Changing How We Think About Self-Organization

Long-time readers of this blog will remember that I have a long standing interest in self-organization in informal online learning communities (e.g., the 2002 paper on Online Self-Organizing Social Systems, the 2003 paper OSOSS – Crisis / Response, the 2004 paper Sociability and Scalability in Online Learning Environments, etc.). This is an area which I continue to watch with interest.

So I was extremely interested in this new article, Transport Layer Identification of P2P Super nodes:

Although self-organized systems appear very effective under the assumption that all individuals follow the same simple set of rules, the presence of key, well-informed individuals altering their behavior according to their prior experience might generally enhance performance even further.

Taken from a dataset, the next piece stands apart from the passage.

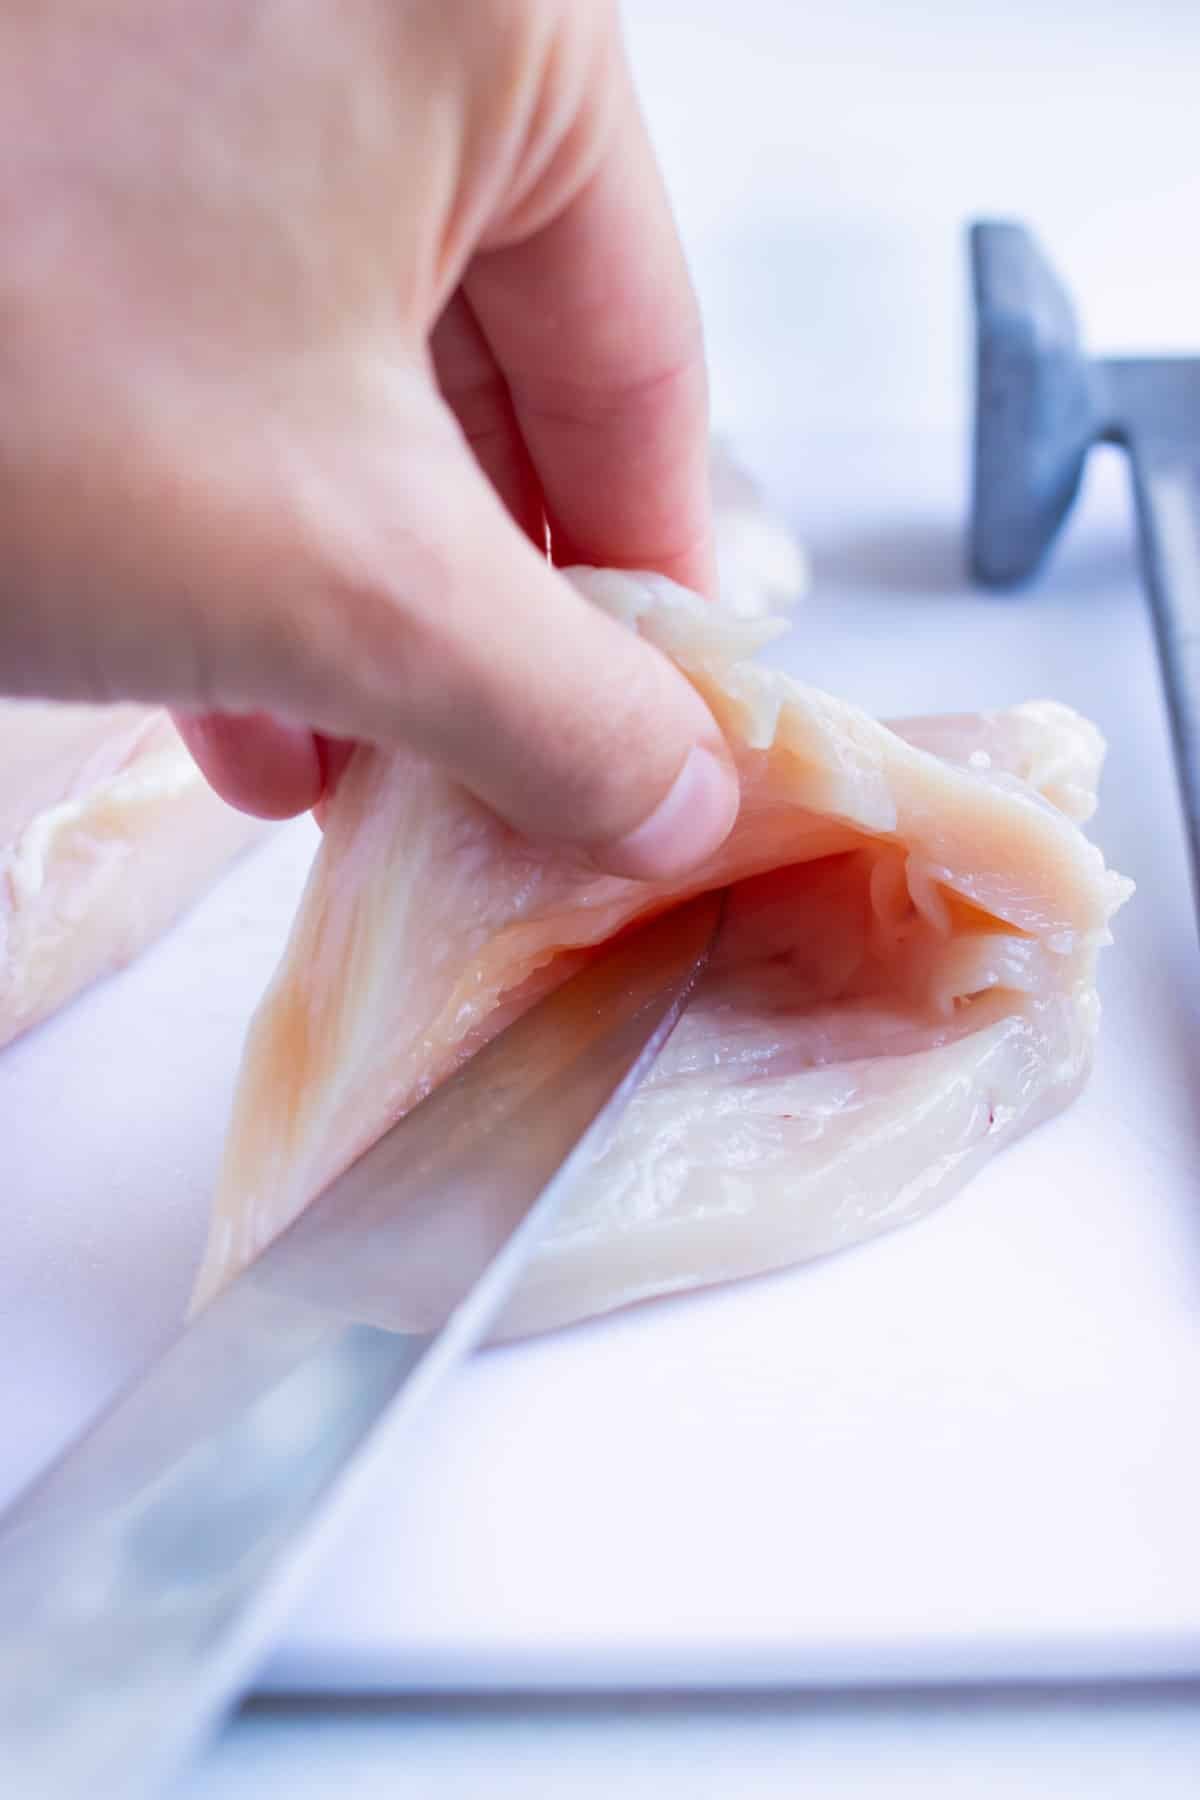 Chicken breasts are cut open before being stuffed with spinach artichoke dip.

The article was recently reviewed in Wired:

“This begins to change how we think about self-organization,” said Nicola Plowes, a behavioral ecologist and ant specialist at Arizona State University, who was not involved in the research. “Informed individuals making those decisions actually result in a process that is more efficient than a simple homogeneous self-organized system.” The findings will be exciting for technologists and mathematicians who use insect-based algorithms, Plowes believes.

The findings should also be interesting for MOOC and other educational researchers for whom self-organization provides a major conceptual framework.

2 thoughts on “Changing How We Think About Self-Organization”

  1. So how do we make people aware that David Wiley has a particular interest in self-organization in online learning communities. I think we need an online who’s who in the MOOC world where we can cross reference people to their areas of interest.

  2. Agreed. I’m not sure of the mechanism, but a more efficient way to find people along with their areas of interest is needed. Right now I am relying far too much on chance encounters.